I glare at him. He smirks at me. We’re locked in a silent battle of wills, neither willing to bend, and neither willing to break. Until he reaches the apex of my thigh and shoves his hand between my legs.

I break, grabbing the blanket and flinging it over myself like I’m on fire and the damn blanket is salvation. It might be because he’s already shoving his hand into my pants, tugging my panties aside. And greedy, greedy little me doesn’t stop him. I spread my legs, making it easier. Giving him room.

He keeps his eyes locked on my face as his thumb grinds against my clit in torturously slow passes.

“I like watching you unravel for me,” he says, voice pitched low. Gritty. “I like how you whimper and squirm while I wreck you.”

“I hate you so much.”

He sinks a finger into me up to the knuckle. “Yeah? You sure about that, little bird? Because it feels a whole lot like you’re fucking dying for this just as much as I am.”

“Am…not…” I gasp. I lie. And God help me, I whimper and squirm, too. We’re surrounded by his teammates with my brother right beside him. And I shamelessly rock against his hand anyway, letting him fuck me with his fingers.

What is he doing to me?

“You’re so fucking beautiful when you need to come,” he murmurs, his eyes drifting across my face like he’s trying to commit the sight of me like this to memory. “Does it feel as good as it looks, baby?”

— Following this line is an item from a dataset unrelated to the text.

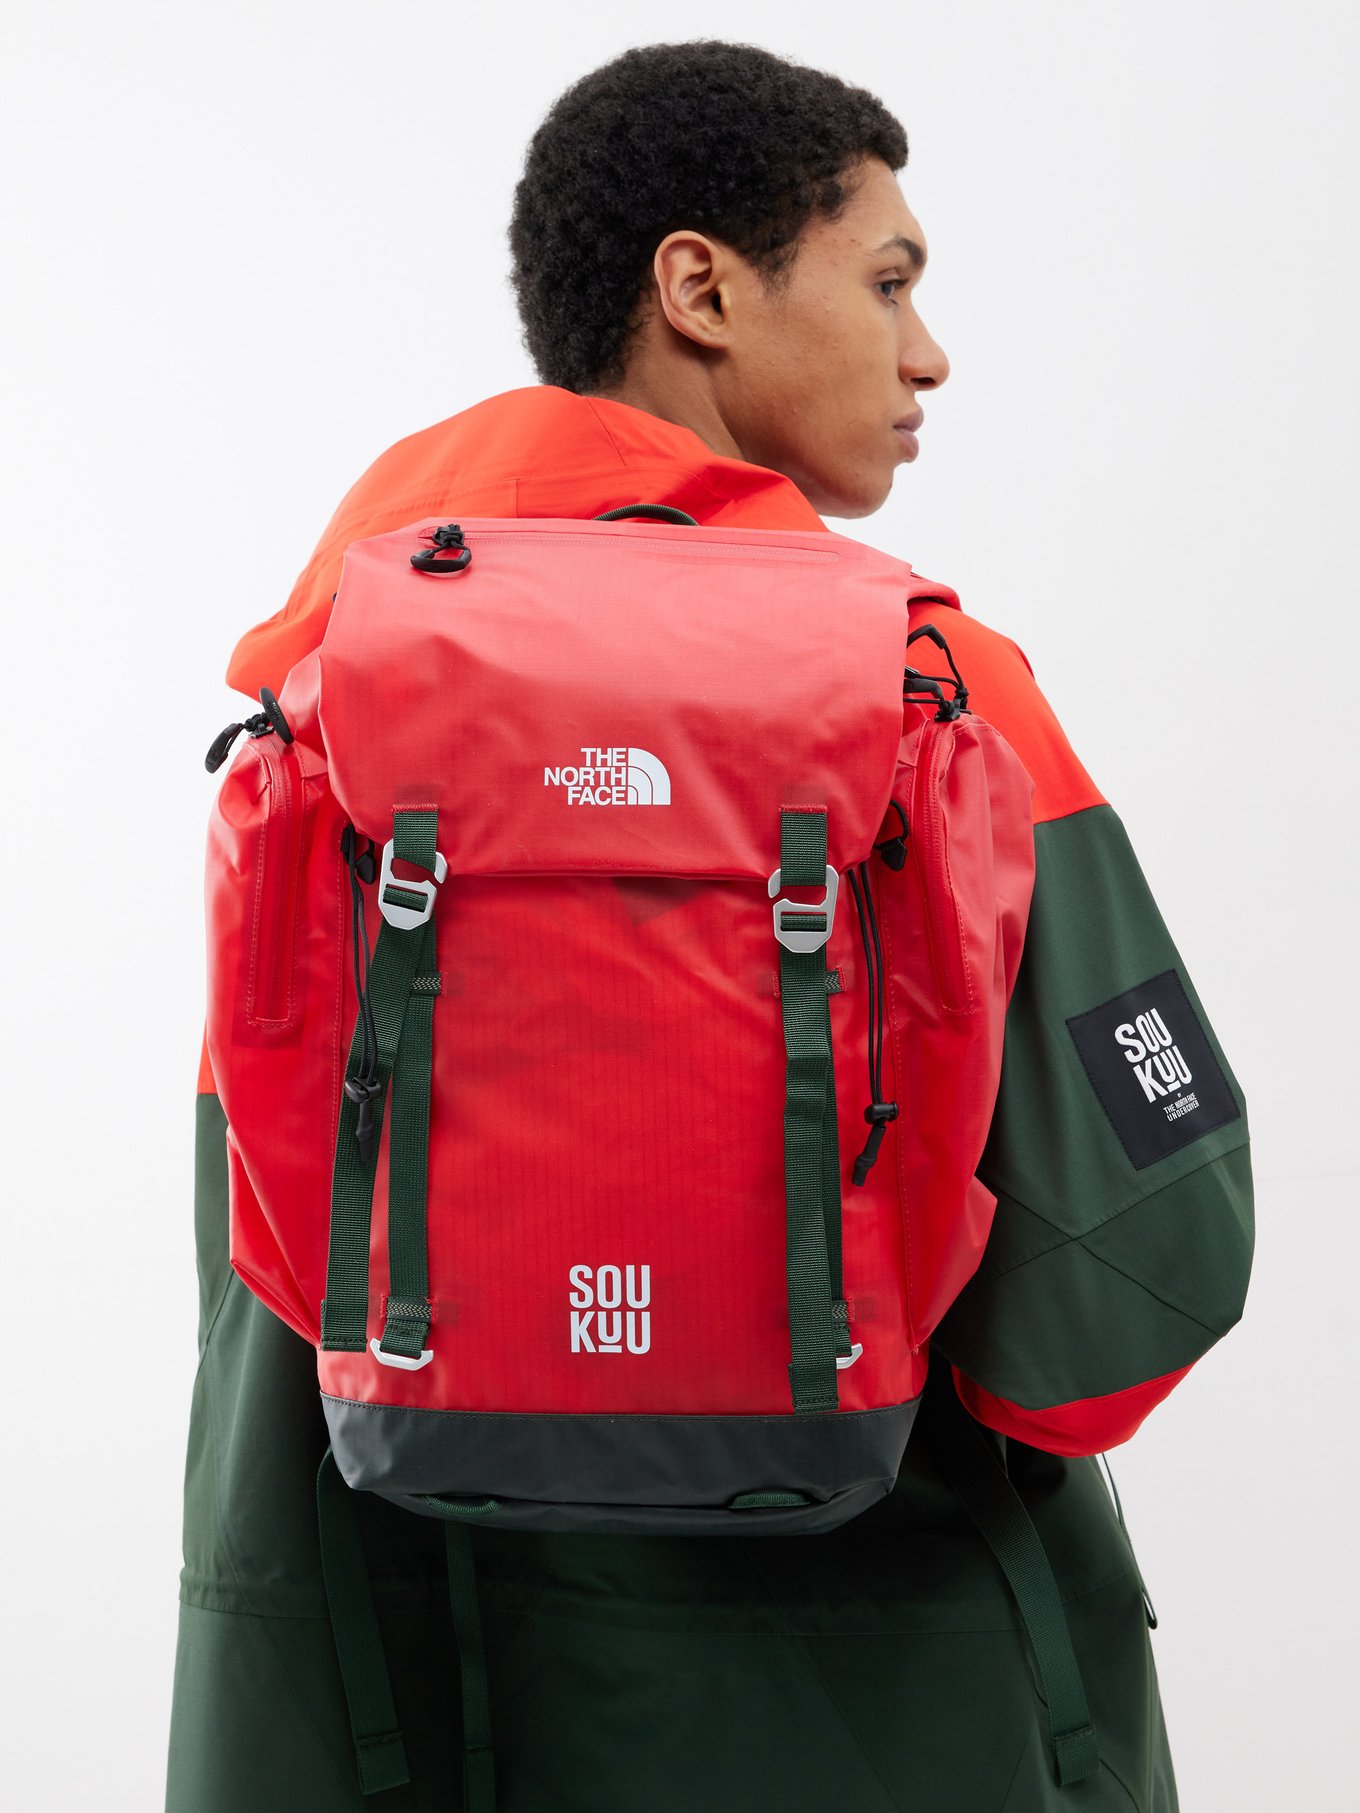 The North Face Presents Its New Ripstop Collection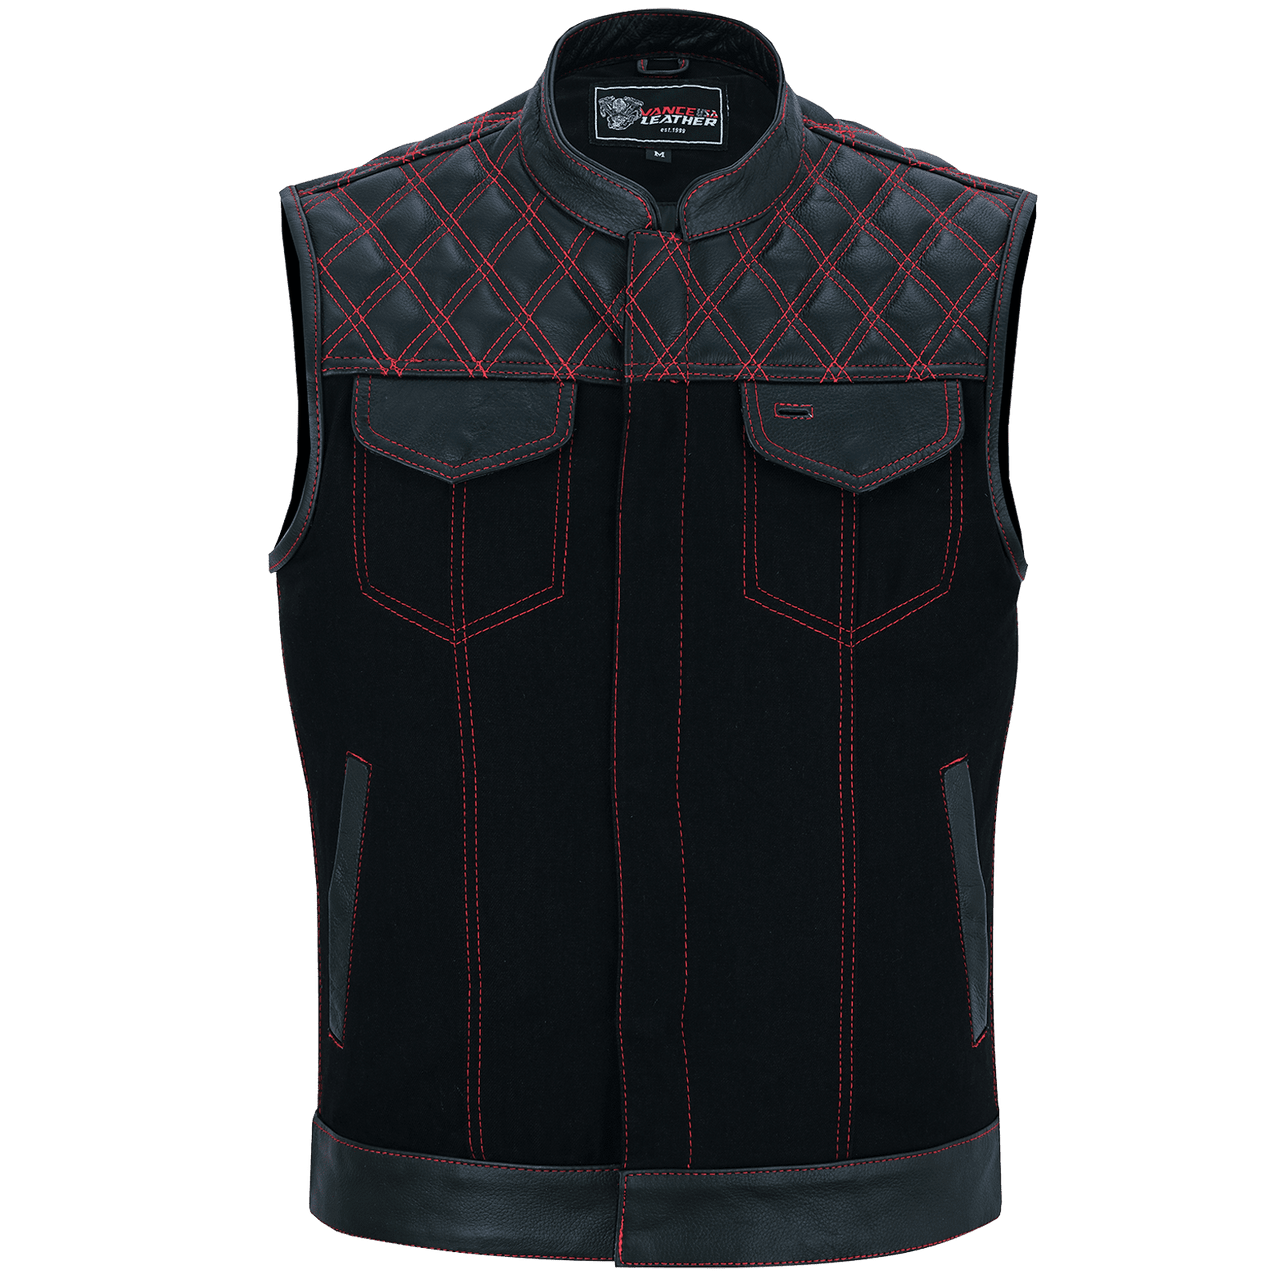 Men's Denim & Leather Motorcycle Vest with Conceal Carry Pockets and Red  Stitching.

“Yes.” I can’t lie this time. Not when he’s looking at me like my answer is the most important thing in the world. Not when it feels this damn good. And not when I’m already on the verge of losing it and coming all over him.

He leans forward, tipping his head down. “Then be good and come all over my hand, wife,” he growls, his breath hot against my ear. “Let me spend the rest of this flight with your juices all over me and your sweet little whimpers ringing in my ears. That’s heaven, Wren. It’s fucking nirvana.”

Something about the way he speaks to me like he’s spilling truths he’s been dying to let loose, like he’s been dying for this, has me unraveling with his name whispering from my lips. And maybe that’s my truth. Maybe he’s my inevitability. With his lips against my skin and bliss pumping through my veins instead of blood, he certainly feels like it.

And in this moment, even with Micah sleeping beside us…that doesn’t scare me nearly as much as it probably should.

Not until Micah grunts, sitting upright.

Archer slowly slips his hand from between my thighs, his lips against my ear. “Beautiful,” he whispers before straightening my blanket as if that’s all he was doing.

I slam my eyes closed, trying to steady my breathing.

“She sleeping?” Micah asks, voice rough with sleep.

“Yeah.” Archer sits back in his seat. “She’s still hungover.”

“Bet she won’t want to party in Vegas again anytime soon.” Micah chuckles, and then I hear him shifting around. “I’m going to hit the head.”

I wait until I’m sure the coast is clear before opening my eyes. When I do, it’s to find Archer watching me. Our eyes lock, something unspoken passing between us. Something terrifyingly vast.

“Archer, I…”

He touches my cheek, cutting me off. “Get some rest, little bird. You didn’t get much last night.”

I hesitate, determined to say…something. But I don’t know what. So I nod instead, letting my eyes drift closed. And somehow, despite the anxiety still churning in my stomach, despite everything, I sleep.